Эрик вдруг почувствовал, что задыхается. Наверно, Янис закрыл люк…
Фонарик осветил небольшое помещение. Теперь можно встать на ноги.
Эрик очутился в низком продолговатом каземате. Печатный станок, столик с наборными кассами, стул, большая кипа бумаги, полочка с книгами, радиоприемник, железная койка, на ней набитый соломой тюфяк, такая же подушка, свернутое одеяло. Вот и все, что тут есть. Щелкнул выключатель — Янис включил свет.
Эрик осмотрел шрифт.
— Тут, я вижу, все нужно набирать корпусом. А где краска? Ага, вот там в углу.
Рядом с коробками краски стояли консервные банки.

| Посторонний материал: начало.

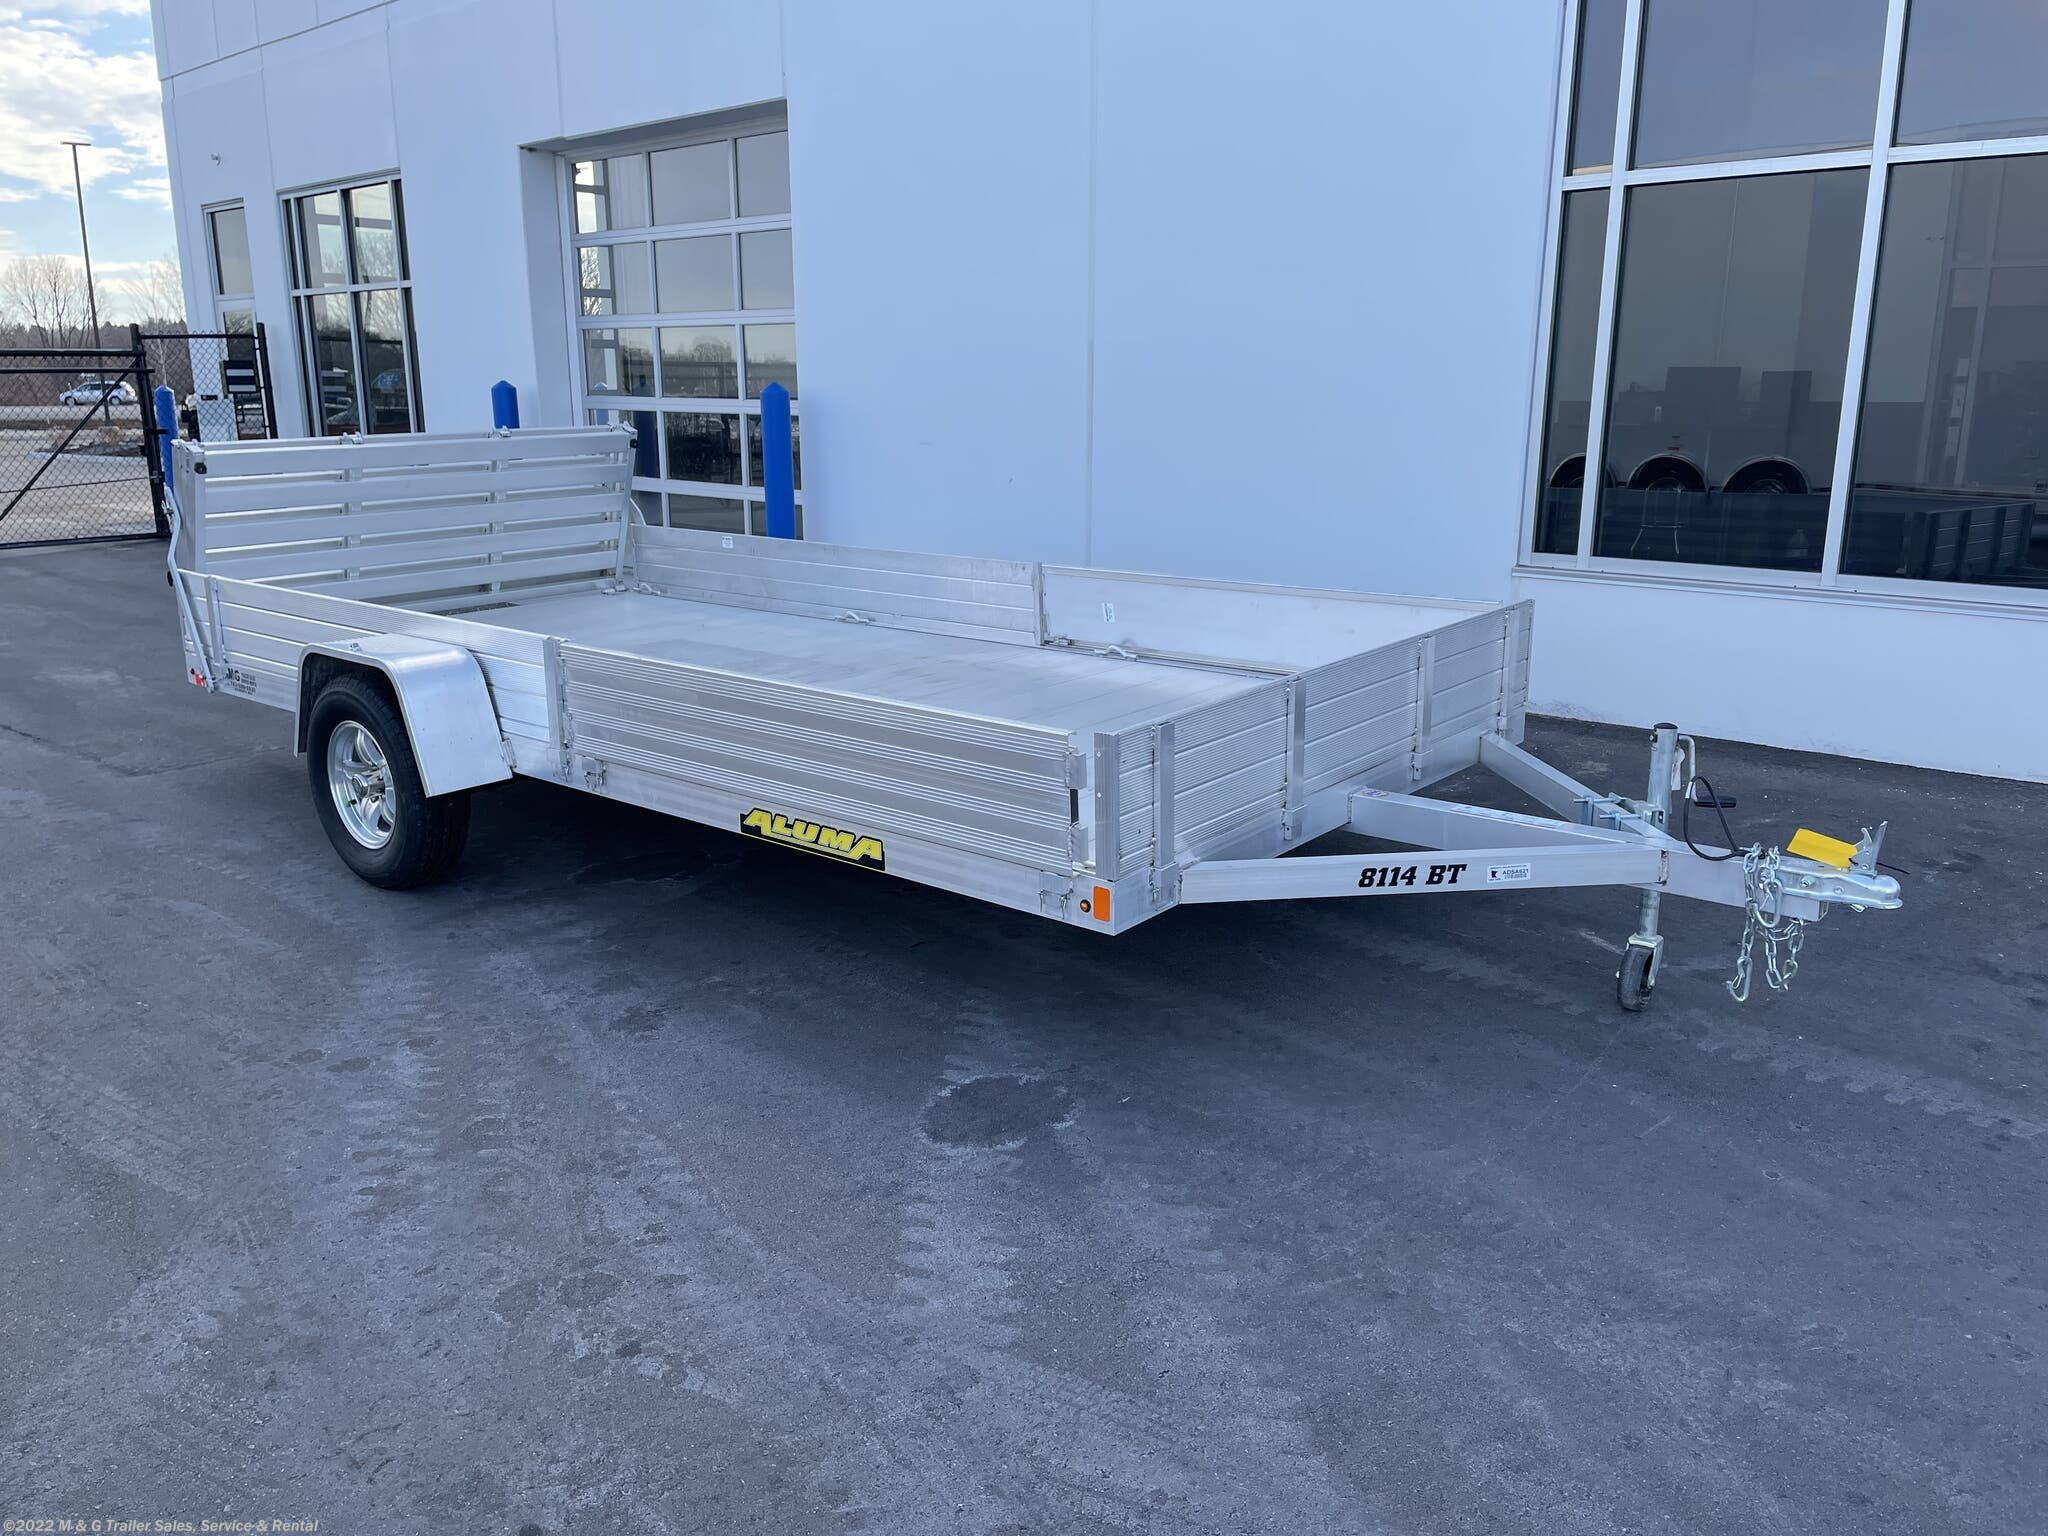 2021 Aluma 8114 BT-SR Aluminum Frame ATV/Utility Trailer - Stock #223688

— Это твой неприкосновенный запас, — пояснил Янис. — На случай, если наверху что-нибудь произойдет. Сухари под кроватью. Дней на десять еды хватит. Но если вход все же обнаружат, ты сможешь выбраться иным путем. Видишь отверстие? Это не только вентилятор, но и узкий подземный ход, который ведет к развалинам у набережной Даугавы.

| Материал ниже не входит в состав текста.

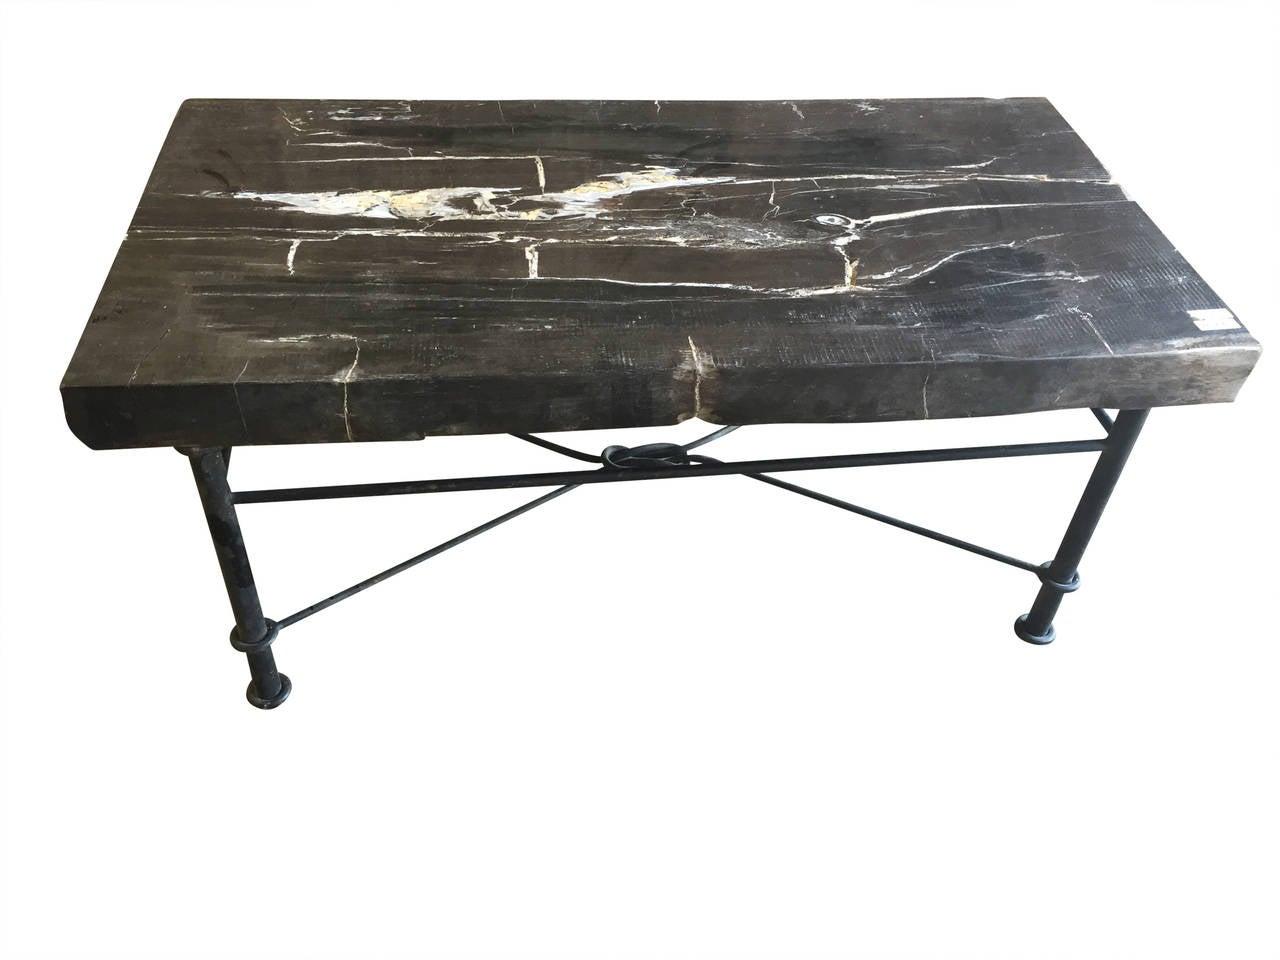 Petrified Wood Slab Coffee Table with Iron Base at 1stdibs

— Неужели вы и этот ход вырыли вдвоем? Тут ведь работы на много месяцев.
— Нет, мы на него наткнулись совершенно случайно. Это, должно быть, часть старой канализационной сети.
— Судя по твоим рассказам, я думал, что «квартира без номера» много хуже. Тут даже радио есть.
— Да. Можешь слушать Москву сколько хочешь. Теперь условимся так: если порой тебе станет невмоготу, говори прямо, я всегда смогу тебя на время сменить.
— Спасибо. Сегодня есть какая-нибудь работа?
— Да. Набери вот это воззвание. Завтра сделаем оттиск.
Эрик остался один. За год его пальцы не утратили прежней гибкости, и, держа в левой руке верстатку, он начал набирать.
…Наверху сейчас ночь. В небе мерцают светлячки звезд, луна озаряет крыши… А может быть, небо затянуто тучами. Шелестят деревья, на воде легкая рябь, люди полной грудью вдыхают прохладный осенний воздух.
Сколько дней, месяцев, быть может, лет нужно будет бороться, чтобы очистить воздух родины от фашистского угара? Сколько еще придется прожить здесь без весны, без солнца, без Скайдрите?
Моя хорошая, что ты подумаешь, когда завтра я не приду на свидание? Ты пойдешь в гостиницу, но и там не найдешь меня ни завтра, ни послезавтра, ни через неделю… Я пропаду без вести… Но ведь ты должна сердцем понять, что мы живем в такое время, когда любящим приходится расставаться, не попрощавшись. Ты поймешь, Скайдрите, поймешь, что каждый из нас своим путем идет к общей цели. Я твердо верю, что ты не свернешь с пути. Рано или поздно ты найдешь свое место в наших рядах. Я знаю, наши дороги еще встретятся, и тогда мы найдем друг друга, чтобы никогда не расставаться…
Ты даже письма от меня не получишь… Я ведь не знаю твоего адреса, а если бы и знал, все равно не стал бы писать тебе… Так лучше… Я не принадлежу себе.
Но если б можно было, что бы я написал тебе? Может быть, вот это: «Сегодня, когда узнал, что мы расстаемся надолго, я понял, как сильно люблю тебя. Мне было бесконечно трудно скрывать от тебя свои подлинные чувства и мысли. Прощаясь с тобой, раскрою правду. Я коммунист, подпольщик. Это значит, что на время нам нужно расстаться. Жди меня, я верю в твою любовь. Твой Эрик».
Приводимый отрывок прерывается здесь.